Did you know that breastfeeding within the first hour of birth (colostrum) protects new-born babies from infections and saves lives?
The means or the ends. In other words, infant formula manufacturers have a duty to elevate the sales of baby formula and convince new mothers of the benefits of their nutritional product compared to breastfeeding. Their for-profit agenda leads to adverse health impacts through misleading and faulty advertising activities.
The Government of the Lao PDR has reached an important milestone to control the damage by adopting the International Code of Marketing Breast-milk Substitutes in December 2019, locally named as “Decree on Food Products and Feeding Equipment for Infants and Toddlers”.

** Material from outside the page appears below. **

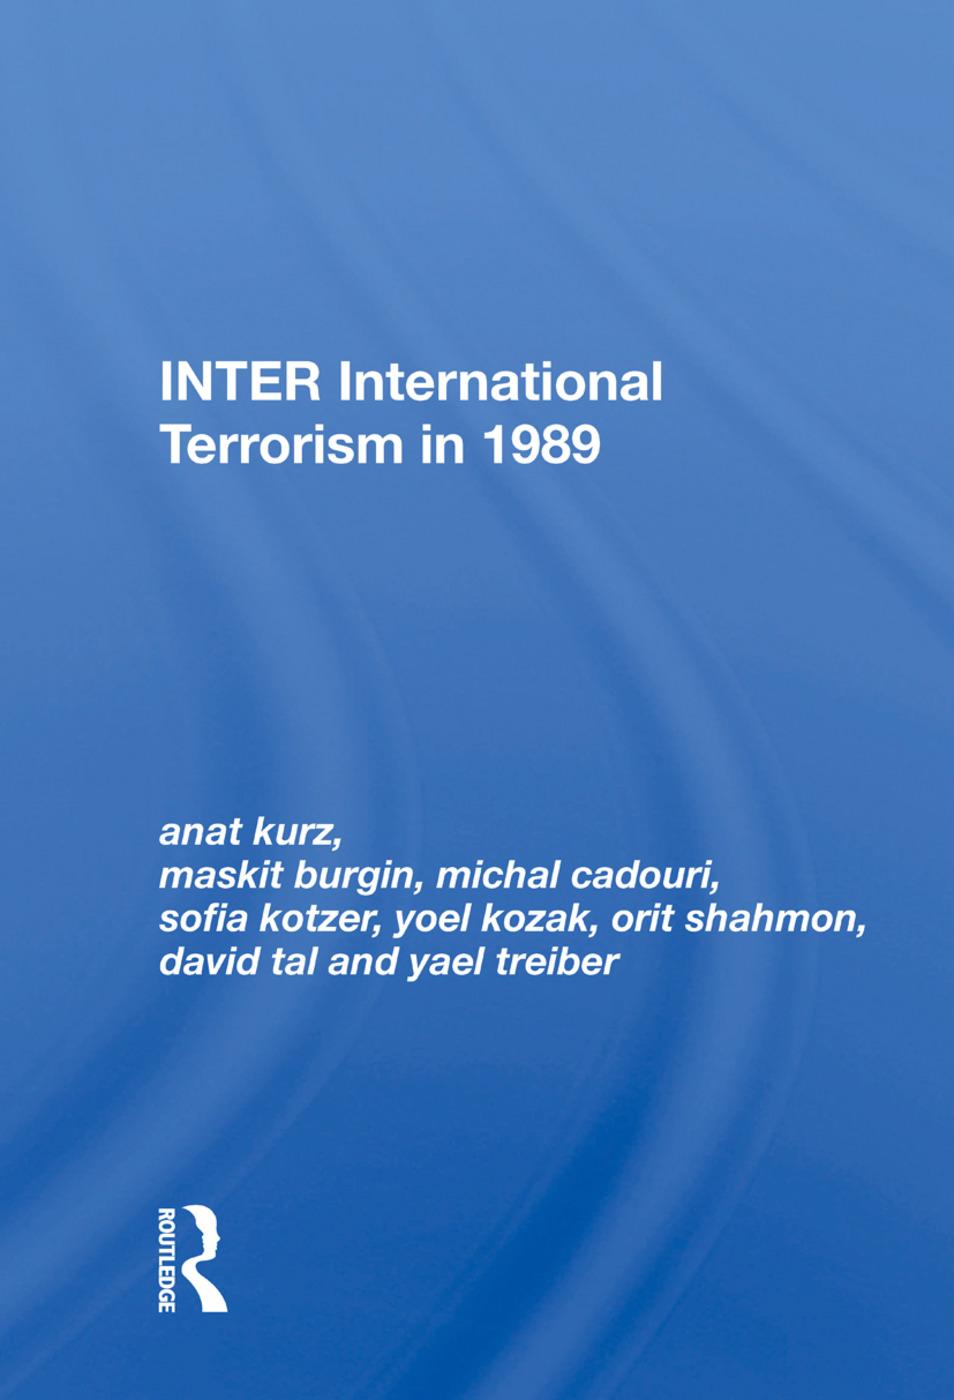 Inter International Terrorism in 1989

The decree aims to protect and promote breastfeeding by prohibiting unethical marketing activities aiming to promote breast milk substitutes. By applying international and national regulations, the detrimental effects on breastfeeding success caused by baby formula promotions could be limited, preventing the increase in misperceptions among mothers about the benefits of using infant formula.

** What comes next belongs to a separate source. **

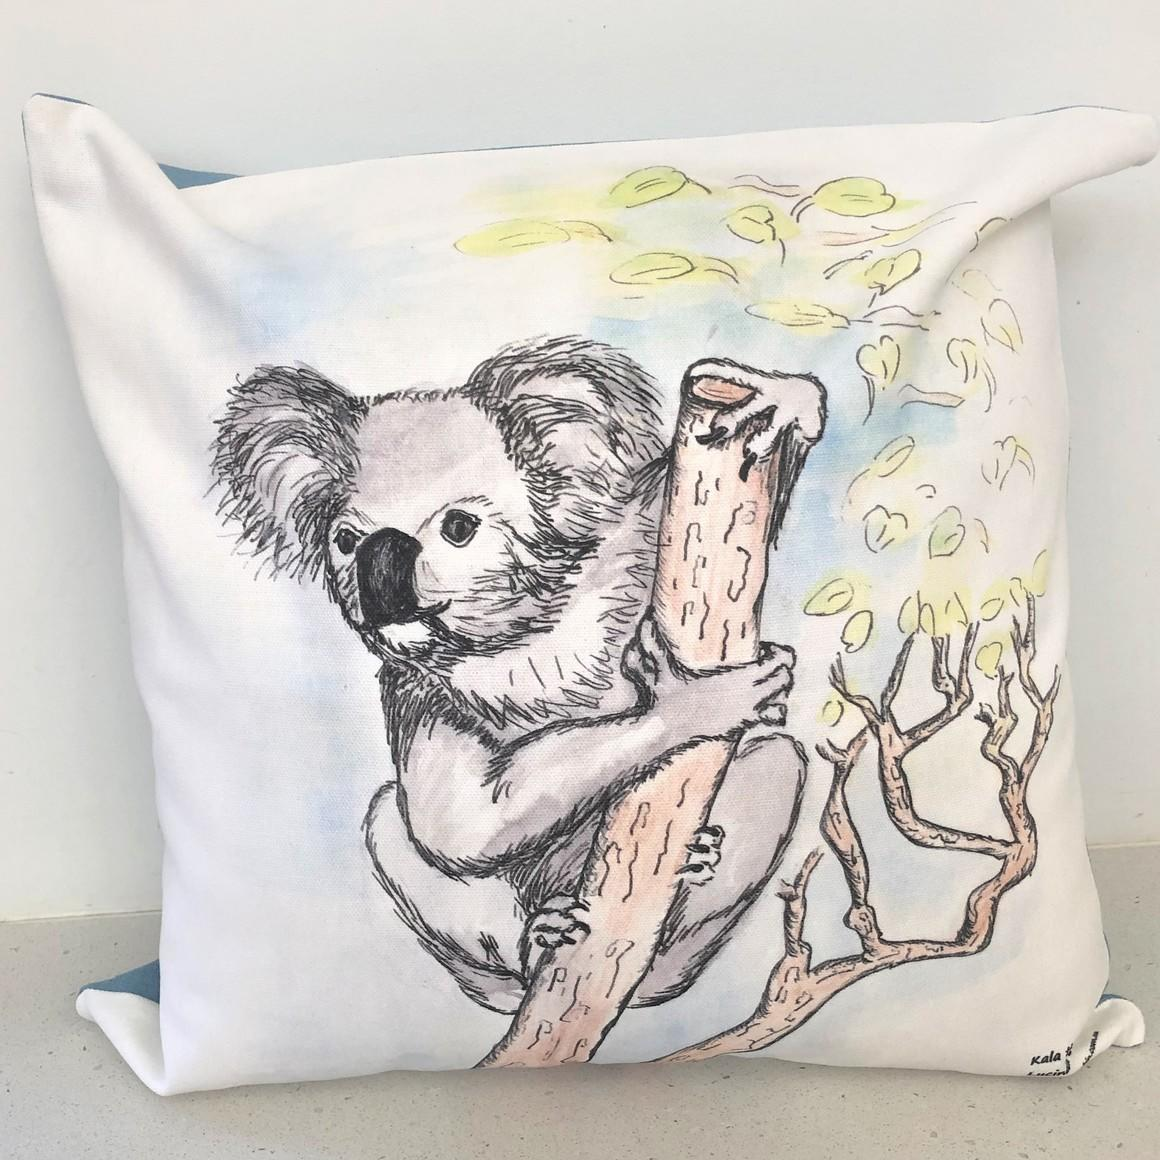 Cushion Cover - Kala the Koala   Trada Marketplace

However, despite the presence of multiple laws and international legislation safeguarding the importance of breastfeeding, poor enforcement of these regulations still exists. Therefore, the nationwide implementation and support of breastfeeding can significantly contribute to the improvement of maternal health and child health, and thus reduce the burden of morbidities and mortalities occurring within these two population groups.
The Lao PDR has shown significant improvements in the nutritional status of children under 5 over the past 10 years. Nevertheless, breastfeeding rates are still low; 45% of infants under six months are exclusively breastfed (Lao Statistics Bureau & Ministry of Health, 2016).
The European Union cooperation with the Lao PDR is very much attached to the Nutrition cause with special attention to the 1,000 days. By applying a multi-dimensional approach, EU-funded projects in the Lao PDR support the implementation of the National Nutrition Strategy (2016-2025) from national to village levels, and address nutrition through behaviour change, health systems strengthening, gender equality, water, sanitation and hygiene, nutrition-sensitive agriculture and coordination across different line ministries.
Budget support is central to European Union’s international cooperation; it involves direct financial transfers to the national treasury engaging in sustainable development reforms. In the Lao PDR, the EU cooperation supports directly the State budget to accomplish specific targets in the nutrition agenda up to 2022, including the national decree on ‘infant and young child product control’, among others (BMS decree).
The EU cooperation continues to support the nutrition community in dissemination and monitoring of the BMS Decree across the country at different levels to protect breastfeeding and promote good nutrition and wellbeing for all Lao people.